Прелестная голубая с белым карета была заложена четверкой породистых коней золотисто-гнедой масти, с черными гривами. Сбруя блестела серебром, а два маленьких ездовых (так как лошади запряжены были a la d'Aumont) совершенно одинакового роста, в черных бархатных шапочках одеты были в куртки из голубого кашемира с белым воротом, в кожаные штаны и в сапогах с отворотами. На запятках сидели два высоких напудренных лакея, также в голубой ливрее с расшитыми белым воротником и обшлагами. Невозможно было представить себе лучшего выезда. Горячие, породистые, сильные лошади, искусно управляемые ездовыми, шли ровным шагом, грациозно покачиваясь, грызя удила, покрытые пеной, и встряхивая время от времени белые с голубым кокарды, обрамленные развевающимися лентами с пышной розой посередине.
По другой стороне аллеи ехал верхом человек, одетый с элегантной простотой, и не без гордого удовлетворения любовался упряжкой, которая, так сказать, являлась его созданием. Этот человек был господин де Бонневиль, или, по выражению графа де Монброна, шталмейстер Адриенны, так как эта коляска принадлежала ей.
В _программе_ волшебного дня произошло маленькое изменение. Господин де Монброн не смог вручить принцу письма Адриенны, так как Феринджи сообщил ему, что Джальма с утра уехал в деревню с маршалом Симоном. Но принц должен был вернуться к вечеру, и письмо тогда должны были ему передать.

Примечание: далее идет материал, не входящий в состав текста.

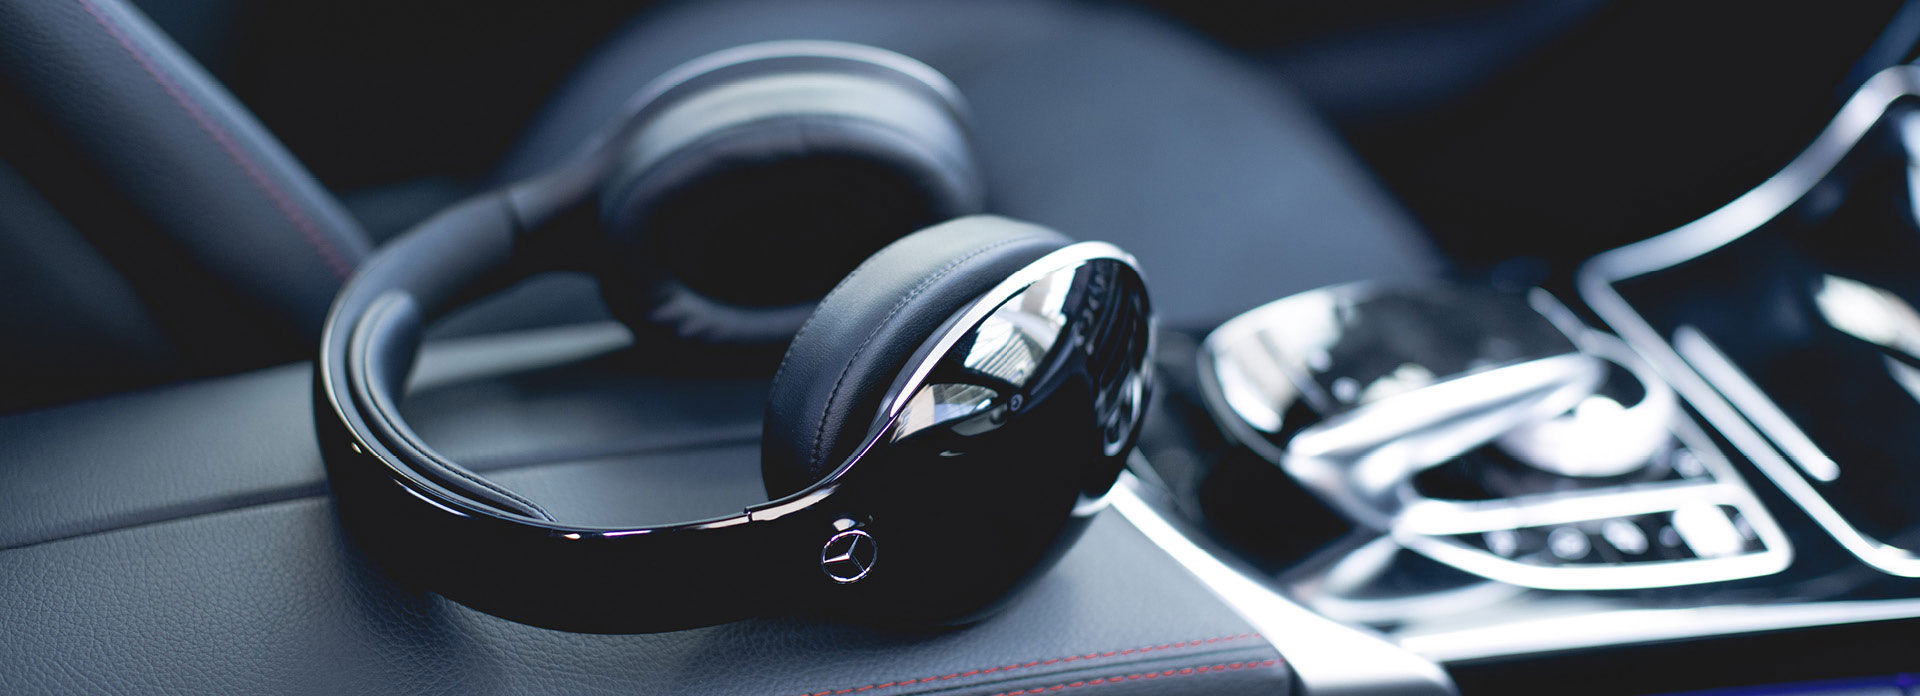 Sichern Sie sich jetzt die Mercedes-Benz Wireless Headphones bei Schmolck. Erleben Sie Musik in Qualität und Zeichen des Sterns.

Адриенна успокоилась относительно Джальмы и, зная, что дома он найдет ее письмо, в котором хотя и не говорилось прямо о счастье, ожидавшем индуса, но дан был все-таки легкий намек на него, Адриенна, повторяем мы, по совету графа поехала кататься в собственном экипаже, чтобы показать свету, что, несмотря на коварные слухи, распускаемые княгиней де Сен-Дизье, она решила не изменять ничего в своих планах жить отдельно и иметь свой дом. На Адриенне была надета маленькая белая шляпка с вуалеткой из белых мягких кружев, обрамлявшая розовое лицо и золотистые волосы. Бархатное платье гранатового цвета целиком скрывалось под зеленой кашемировой шалью. Молодая маркиза де Моренваль, тоже очень хорошенькая и элегантная, сидела справа, а граф де Монброн занимал переднюю скамейку коляски.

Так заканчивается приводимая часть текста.